Today in many websites and newspapers, ‘’Games’’ are still reviewed in Technology sections, rather than Arts & Entertainment.  Gaming magazines are niche, and awards are presented by Mountain Dew.  Gamers have a reputation as overly defensive against criticism of their hobby, even those from gamers themselves.

This can change.


This should change.


What I'm nicknaming the Cahiers du Ludica is to name the movement above, but steps must be taken to popularize it, to make it part of the conversation.  At this point, gamer culture seems resistant, and yet there appears to be a market of people who want such a coversation to happen.
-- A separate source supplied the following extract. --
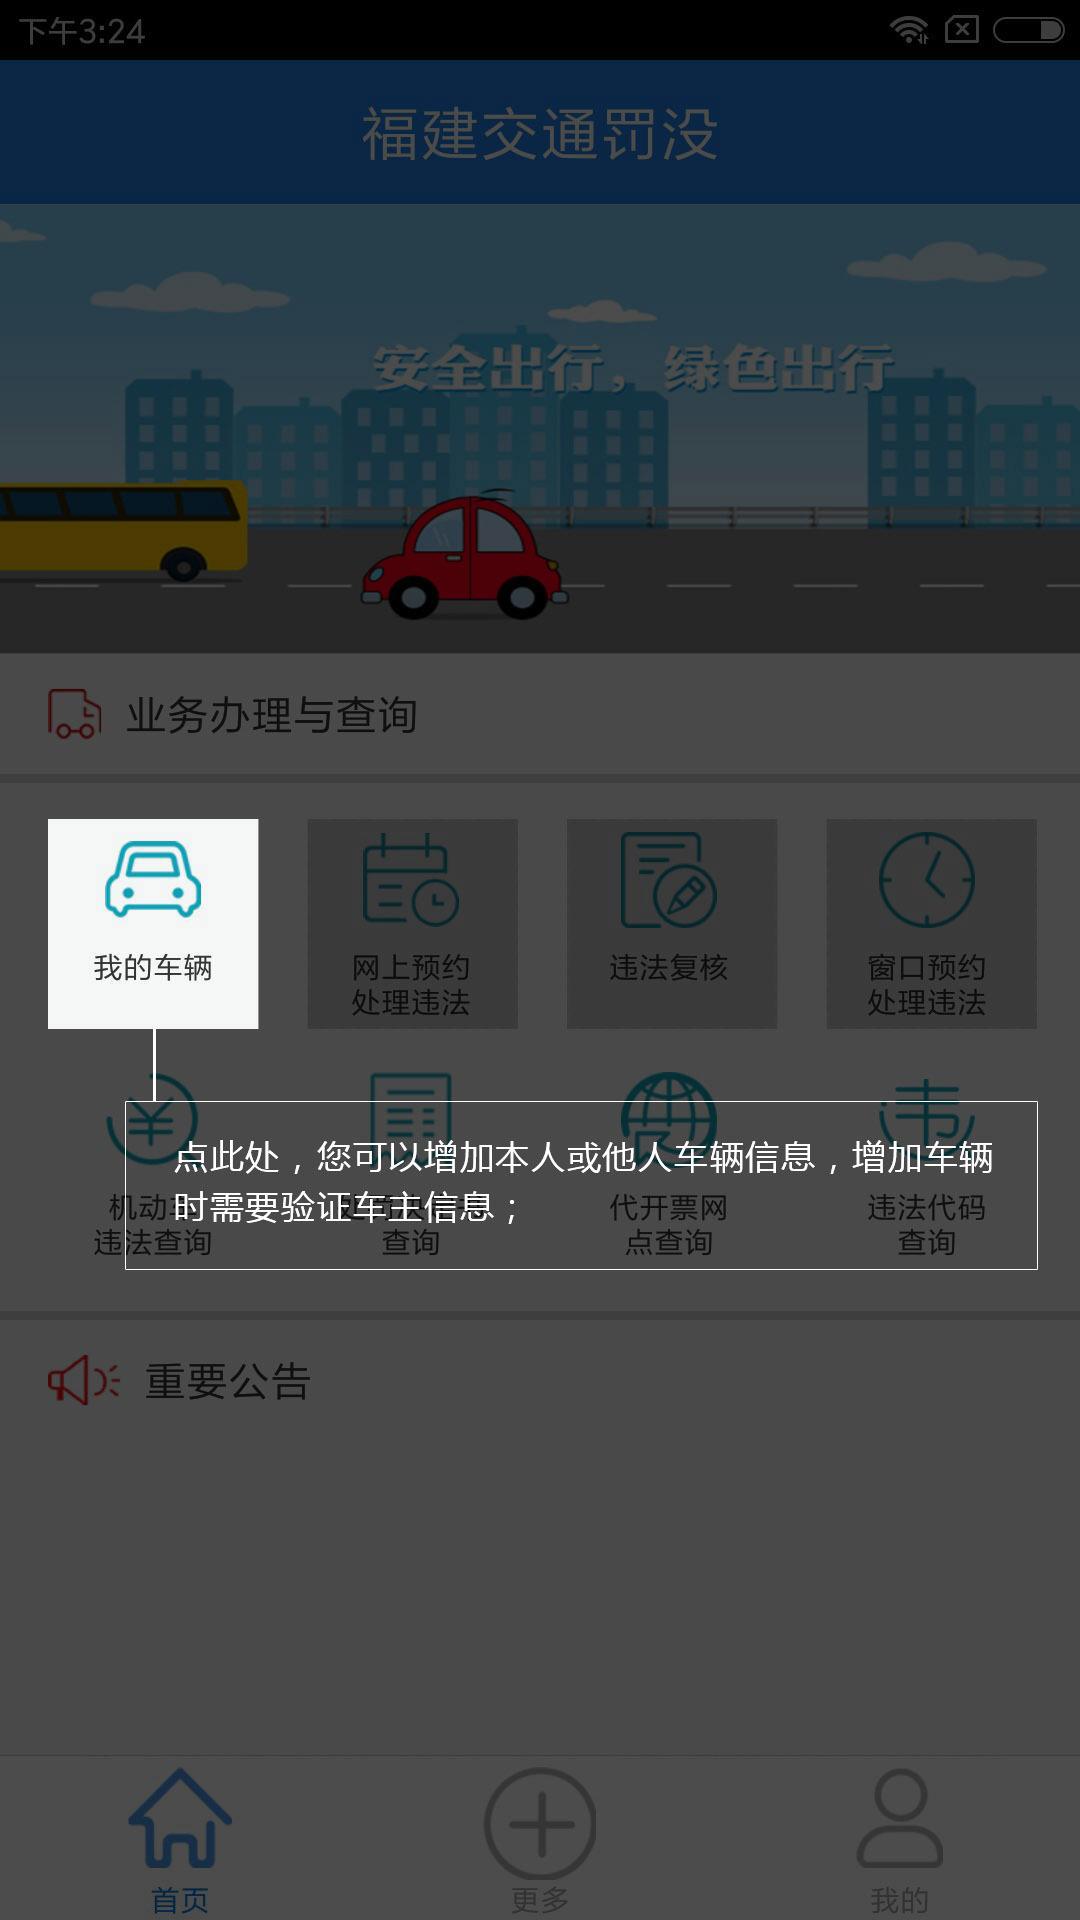 福建交通罚没app截图1

What Les Cahiers did was not wait for popular culture to accept film as art, they proudly and boldly stated that it was.  They then went and dissected film as artistic works regardless of whether a film is personal or made for commercial interest. 


Games and gamers need to do the same.  Games being Art is not a matter of avoiding criticism - as has been done far too often.  No, Games being Art invites more criticism - whether it be Academic, Sontagian, Marxist, Feminist, Aesthetic, Ludological, Narratological, Populist, etc, etc, etc.  True art is carved and formed by critique.  It looks at itself as if it has meaning, and allows others to dissect it.